The solution of adjusting the TEL62 firmware while the experiment is taking data is not ideal, but development is undergoing to work around the issue downstream at the FPGA-RICH level by flushing corrupted events. This will allow us to keep up with the throughput at the cost of some event-classification accuracy.

4. Discussion

We have developed FPGA-RICH, an FPGA-based system designed to implement real-time AI-based partial particle identification within the strict latency and throughput constraints of the NA62 low-level trigger system. The system combines traditional data processing techniques with modern machine learning approaches, classifying events by number of charged particles with performance suitable for trigger selectivity improvement, while maintaining the required 10 MHz throughput and 1

μ

s scale latency. The use of High-Level Synthesis allows for relatively easy reprogrammability, which has been beneficial for development in iteratively testing different Neural Network solutions, and will be beneficial as the system impact on trigger efficiency is evaluated and which will possibly motivate adjustments.

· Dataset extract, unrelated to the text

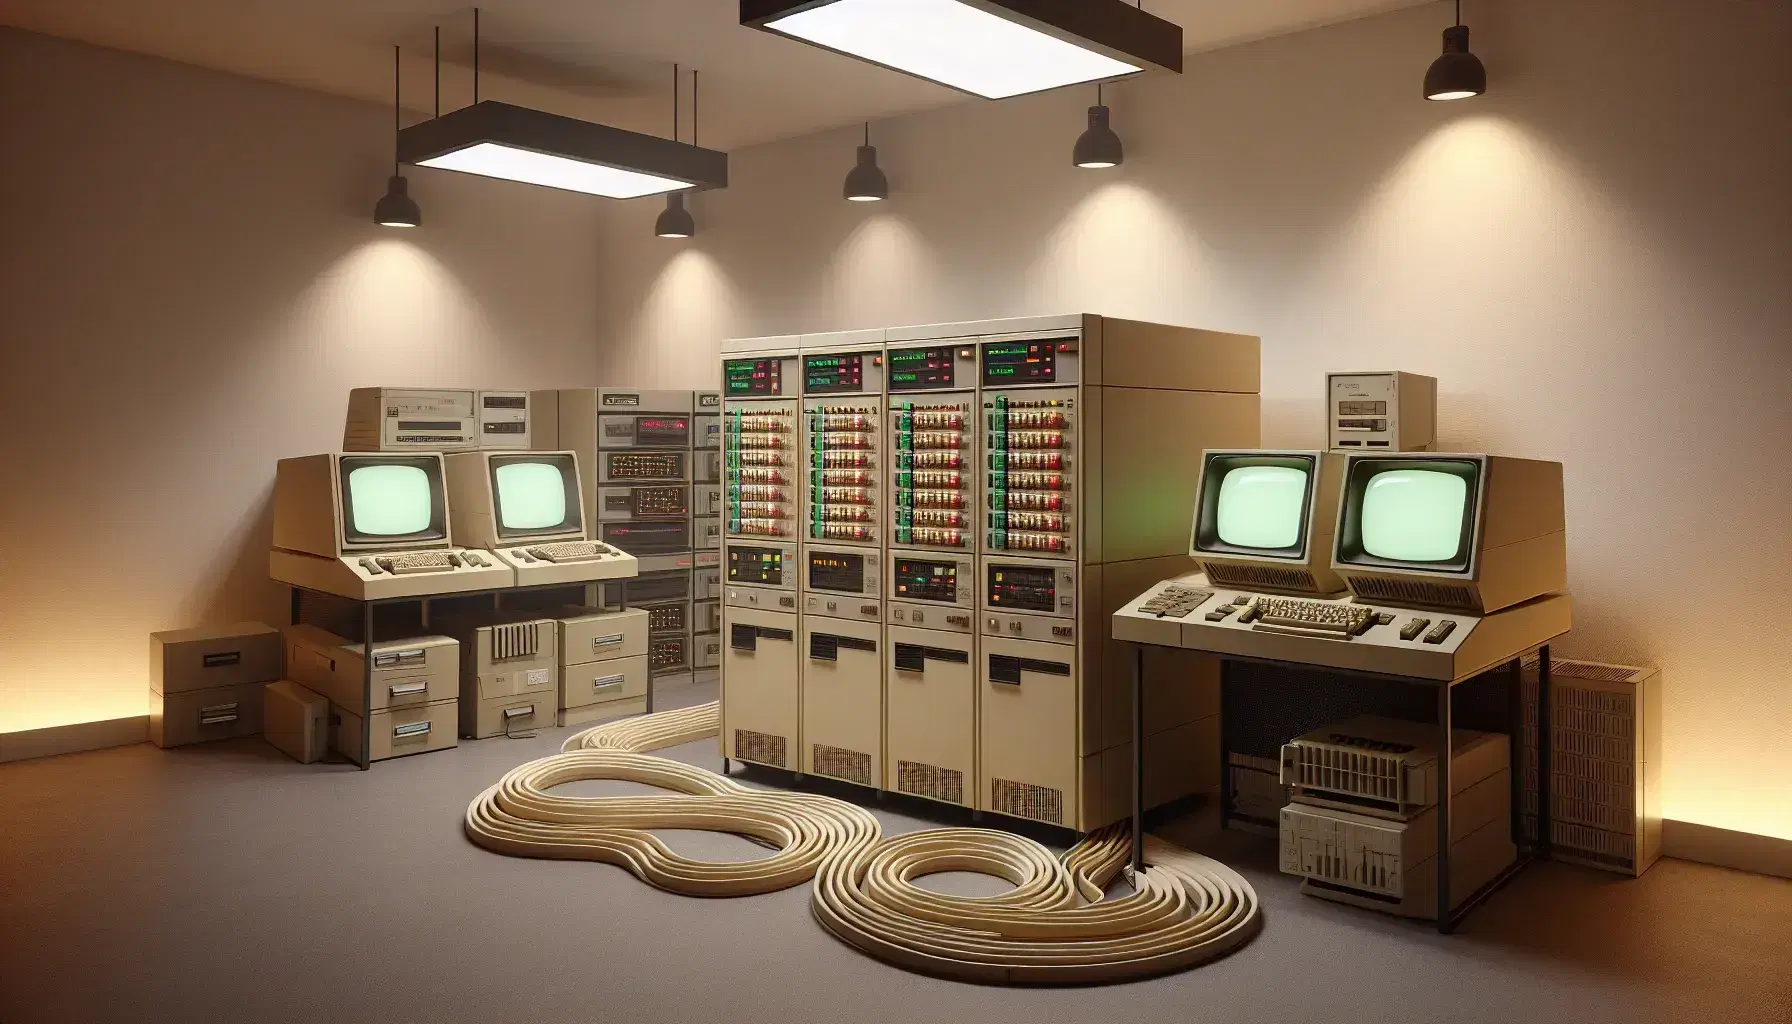 Sala con equipo de computación vintage, incluyendo un mainframe beige con botones iluminados y una impresora de matriz de puntos, rodeado de monitores CRT y teclados sin texto.

This work shows the effectiveness and maturity of modern programming paradigms and machine learning algorithms even within the challenging context of High Energy Physics experiments’ online data acquisition and analysis. As a future step, we envision the transfer of the current implementation of FPGA-RICH from an independent FPGA device to the one hosting L0TP+ itself. L0TP+ is deployed on a Xilinx VCU118 board, using only a small fraction of FPGA resources (30% BRAM, 20% of LUT , 1% DSP). Furthermore, the board setup sports a consistent number of available high-speed links [23]. This scheme of integration allows a direction for development, where we collect primitive data from other NA62 sub-detectors at L0TP+ level, for instance energy from the calorimeter, and use it to produce even more refined physics trigger primitives at L0, such as the number of electrons, highlighting the versatility granted by the input–output and logic re-programmability of an FPGA-based Trigger and Data Acquisition system and how it can allow elaborate data analysis pipelines at the lowest hardware level.

Author Contributions

Conceptualization, A.L., P.V., P.C., R.A., O.F., L.P., M.T. and A.C.; methodology, A.L., L.P., P.C., M.T., C.R., P.P. and A.C.; Hardware block design: R.A., A.B., P.C., O.F., F.L.C. and P.V.; software, M.T., P.C., P.P., C.R., L.P., A.C. and M.M.; validation, P.P., M.T., P.C., A.L., A.B., L.P., P.V. and C.C.; Formal analysis: A.C., A.L., P.P., L.P., M.T. and C.R.; data curation, M.T. and R.P.; writing—original draft preparation, P.P.; writing—review and editing, A.L., L.P., C.R., A.C., R.P., R.A., F.S. and O.F.; supervision, A.L.; project administration, A.L. and M.R.; funding acquisition, A.L., P.V. and M.R. All authors have read and agreed to the published version of the manuscript.

Funding

This research was founded by INFN Scientific Committees 1 (NA62 experiment) and 5 (APEIRON experiment), by the EuroHPC-JU TEXTAROSSA project G.A. n.956831, and by Italian PNRR MUR project CUPI53C22001400006-FAIR (funded by NextGenerationEU).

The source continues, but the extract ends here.